Abstracts (complete list) - Wissenschaft Online

Romy Laugks, Patricia Schmidbauer, Bernhard Holzmann, Melanie Laschinger
ROLE OF LFA-1 ACTIVITY REGULATION IN CELL CYCLE
CONTROL OF PROLIFERATING T LYMPHOCYTES
The leukocyte specific integrin LFA-1 (αLβ2) is crutial in the interaction between T
lymphocytes and antigen-presenting cells. It is well established that LFA-1 needs to be
activated in order to bind ligands. However, the function of LFA-1 de-activation is not
completely understood. By the deletion of the cytoplasmic GFFKR motif of the αL
subunit in mouse germ line we previously generated a mouse mutant that locks LFA-1
in an inactive state (LFA-1d/d).
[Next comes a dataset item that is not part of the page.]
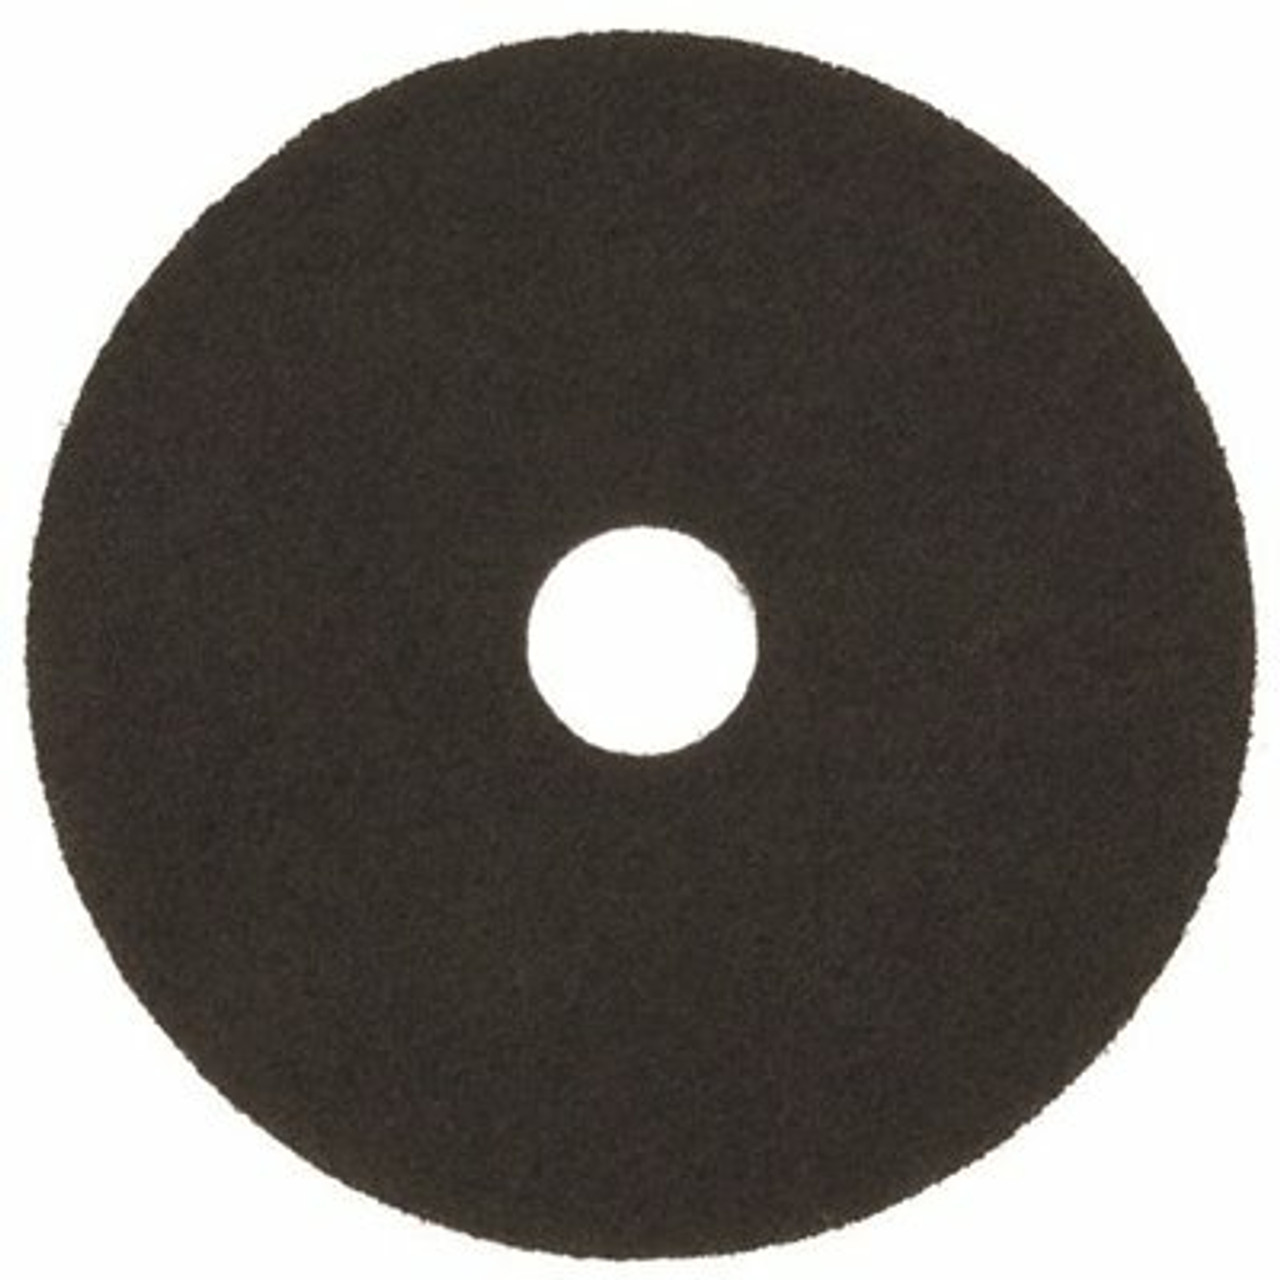 3M 14 In. Black Stripping Floor Pad (5-Count)

The defect of LFA-1 de-activation leads to an impaired
de-adhesion from its ligand ICAM-1 on endothelial cells reflected in a reduced migration.
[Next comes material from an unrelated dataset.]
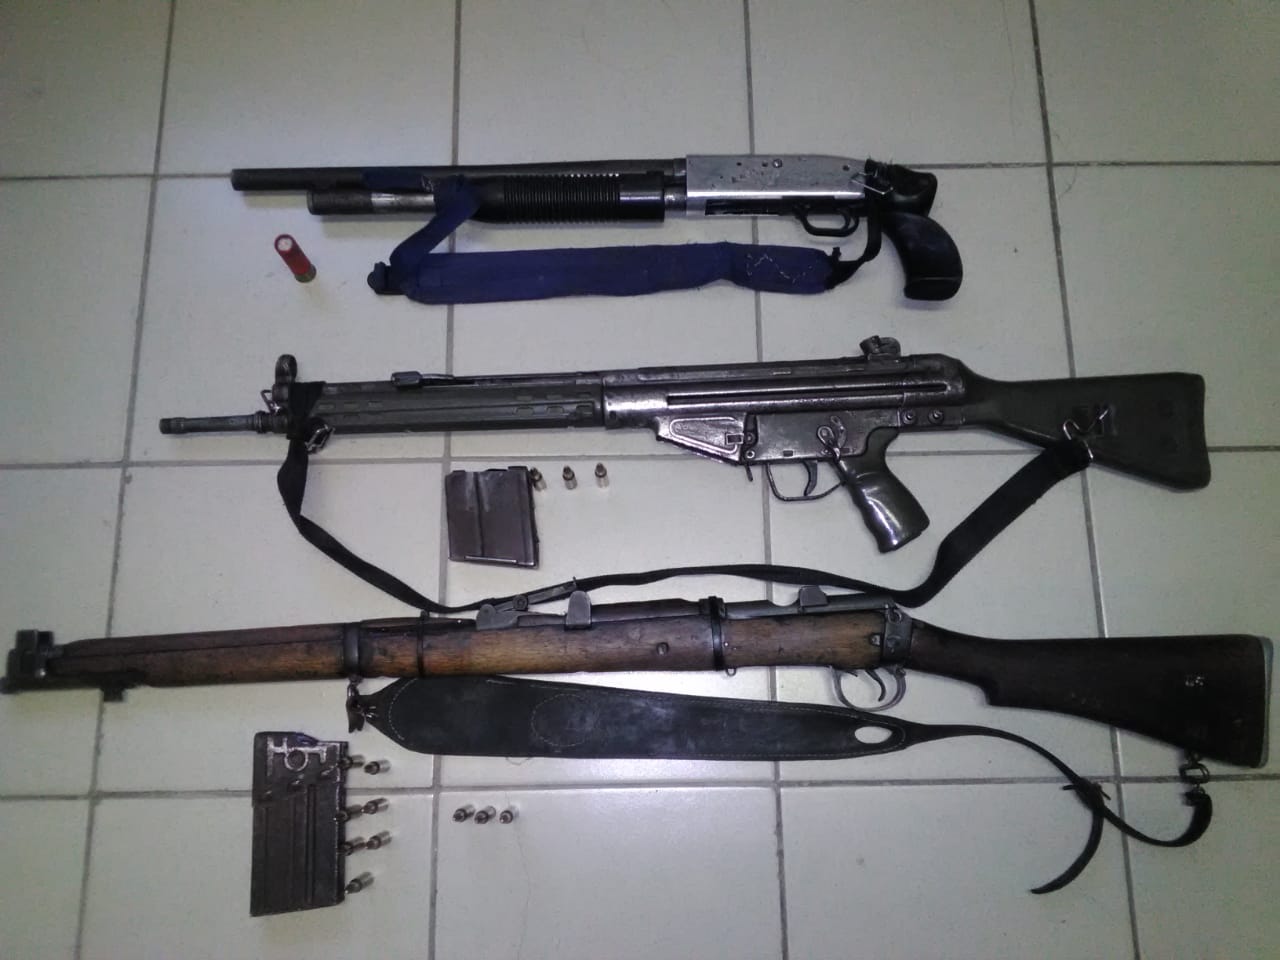 Brothers among those nabbed with illegal firearms

We found the antigen-specific proliferation of LFA-1d/d T cells to be dramatically
reduced. The analysis of interaction between LFA-1d/d T cells and antigen-presenting
dendritic cells exhibits the disability of T cells expressing LFA-1 in a constitutively active
state to de-adhere from dendritic cells. Furthermore, we observed a different cell cycle
profile of LFA-1d/d T cells compared to wildtype cells suggesting an influence of LFA-1
in early cell cycle control.
These data imply that LFA-1 de-activation is essential for cell cycle control during
antigen-specific proliferation and clonal expansion of naïve T lymphocytes.